Cortante le pregunté si estaba o no dentro de sus atribuciones librarme de ese cargo. Me respondío que no, pero que sentía “obligado” a darme una “explicación”. Le dije que lo único que había logrado era invitarme a volar po Interjet la próxima vez, que una disculpa a nombre de su empresa por los errores cometidos, una explicación sobre porqué él no podía excentarme del cargo e información sobre cómo formular una queja a la dirección de la empresa hubieran sido una mejor idea que tratarme como a un imbécil. El tipo se quedó congelado y sin saber que decir, supongo que le sorprendió demasiado que no le hubiera mentado la madre.

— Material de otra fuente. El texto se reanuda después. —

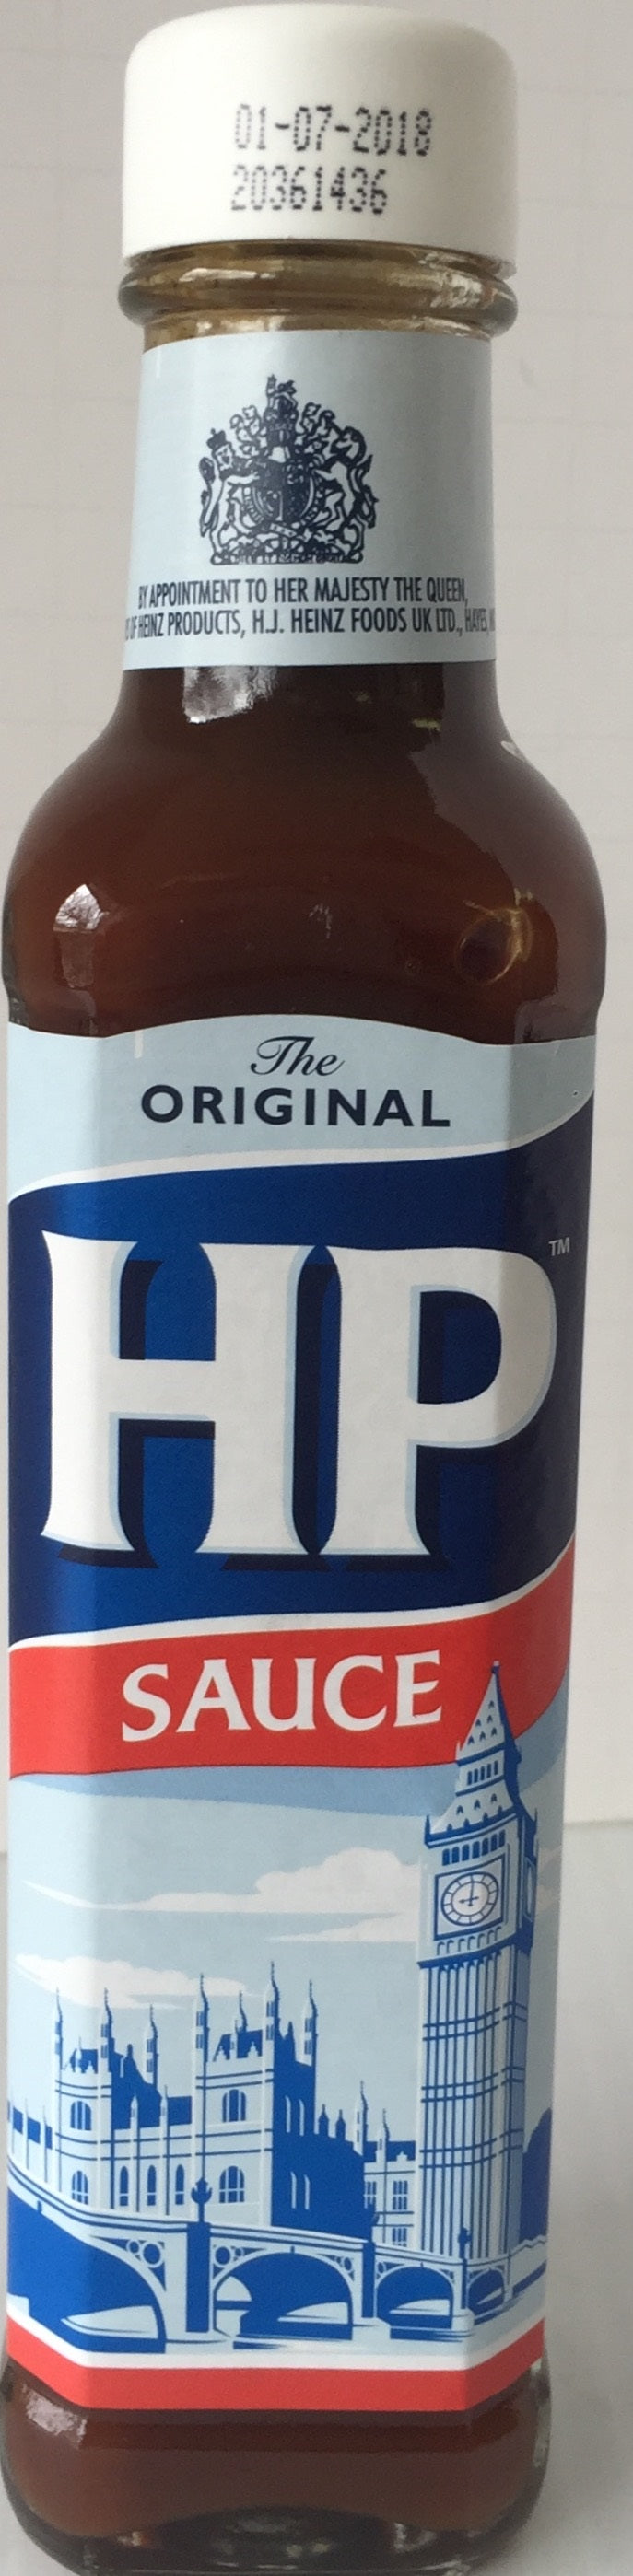 HP Sauce 255g bottle x 12

Tras esta experiencia no me queda claro si Mexicana es tan buena línea aérea como yo creía o si solo había vivido una racha de 20 años de buena suerte. Ahora no puedo más que rescatar el tiempo perdido escribiendo este post y sonreír al ver la funda de mi boleto de avión en el que aparece bajo del logo de mexicana la leyenda “siente la experiencia” y decirme a mi mismo, la sentiste Ramón, la sentiste.